Ich bin stolz euch sagen zu können: Wir stehen kurz vor der totalen Informationskontrolle und haben uns damit ein mächtiges Instrument zur Manipulation geschaffen. Dadurch werden wir weltweit den Sieg des Sozialismus endlich erreichen. 


Realsatire??? Macht euch selbst einen Reim darauf.  :evil: 
Weitere Info: http://www.heise.de/newsticker/data/fr-31.05.02-000/

Gruss Frank


----------



## Hotline-Dödel (5 Juni 2002)

die totale Überwachung gibt es schon seit geraumer Zeit. Ich sage nur "Echelon".

http://www.heise.de/tp/deutsch/special/ech/6639/1.html


Aber jetzt wird vom Staat versucht, die Sache zu legalisieren.


----------



## Anonymous (1 Juli 2002)

Die totale Überwachung existiert wie mein Vorredner schon sagte , schon seit einiger zeit . Aber trotz aller staatlicher Kontrolle wird man sich trotzdem wenn man weis wie ohne Überwachung bewegen können . Solange das Internet existiert und es mehrere Staaten mit verschiedenen gesetzgebungen zu diesem Thema existieren kann man Überwachung umgehen .

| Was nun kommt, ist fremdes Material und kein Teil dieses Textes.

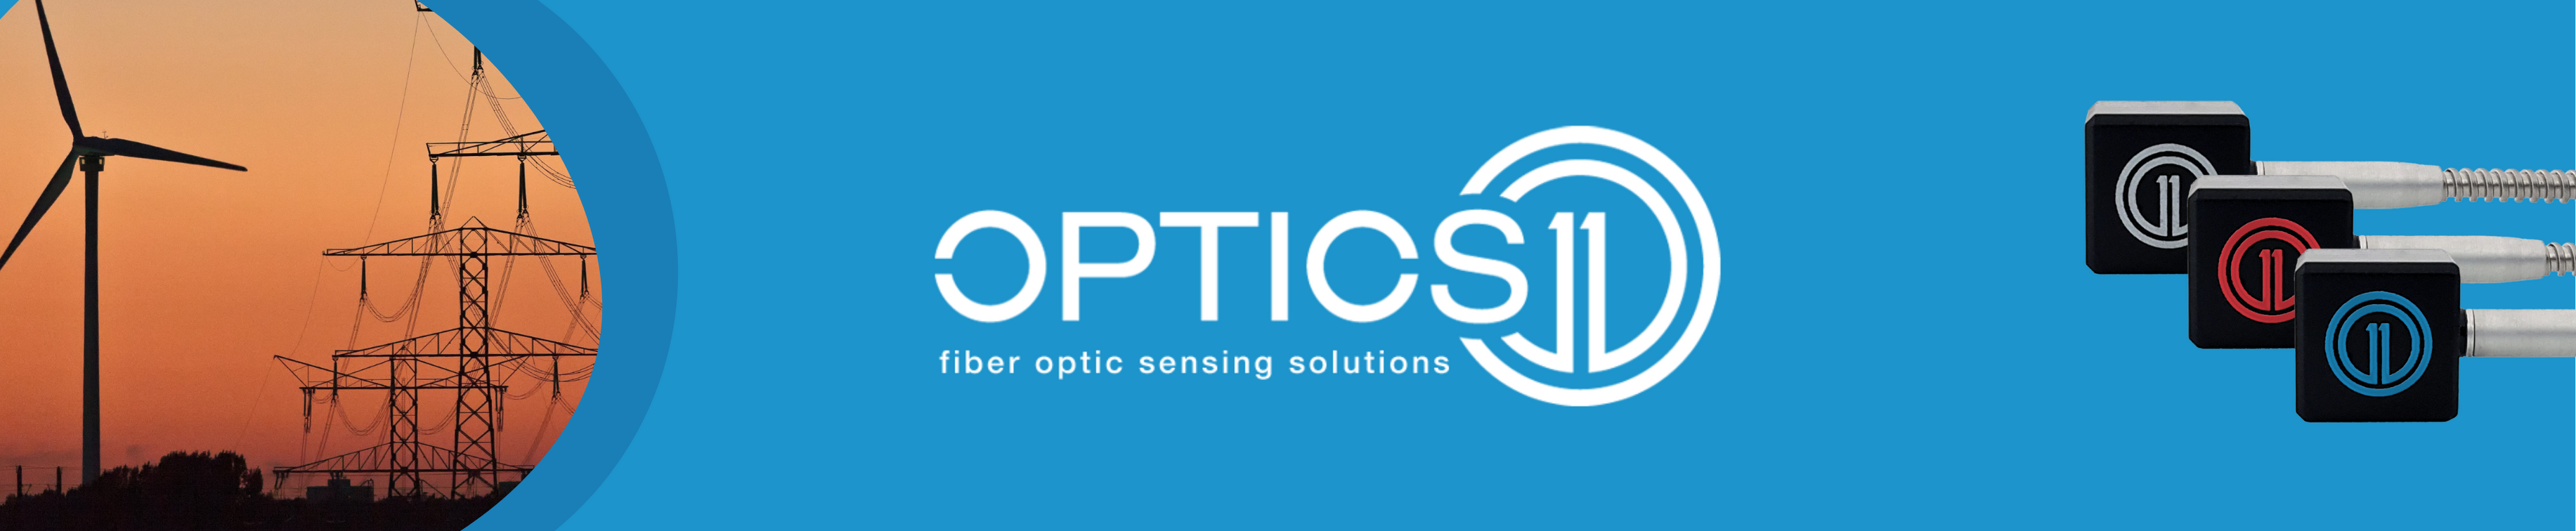 Optics11 - Fiber Optic Sensing Solutions

Auserdem ist wohl ein weiteres Problem für den Staat die masse an Daten die Täglich über das Internet laufen , was eine wirkliche lückenlose Überwachung wohl nicht möglich machen wird .

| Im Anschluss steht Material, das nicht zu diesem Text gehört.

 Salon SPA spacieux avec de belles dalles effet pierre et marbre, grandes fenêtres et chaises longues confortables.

Aber trotz allem ist die Entwicklung wie sie derzeit voranschreitet sehr sehr bedenklich , nur leider merken es die wenigstens das Orwell langsam aber sicher wirklichkeit wird . Die rechte des einzelnen werden ausgehölt , unterwandert und sobald irgendwo eine Möglichkeit gesehen wird ( ein Vorwand ) werden die rechte auch offiziell beschnitten . Sehr sehr bedenklich die Entwicklung derzeit .


----------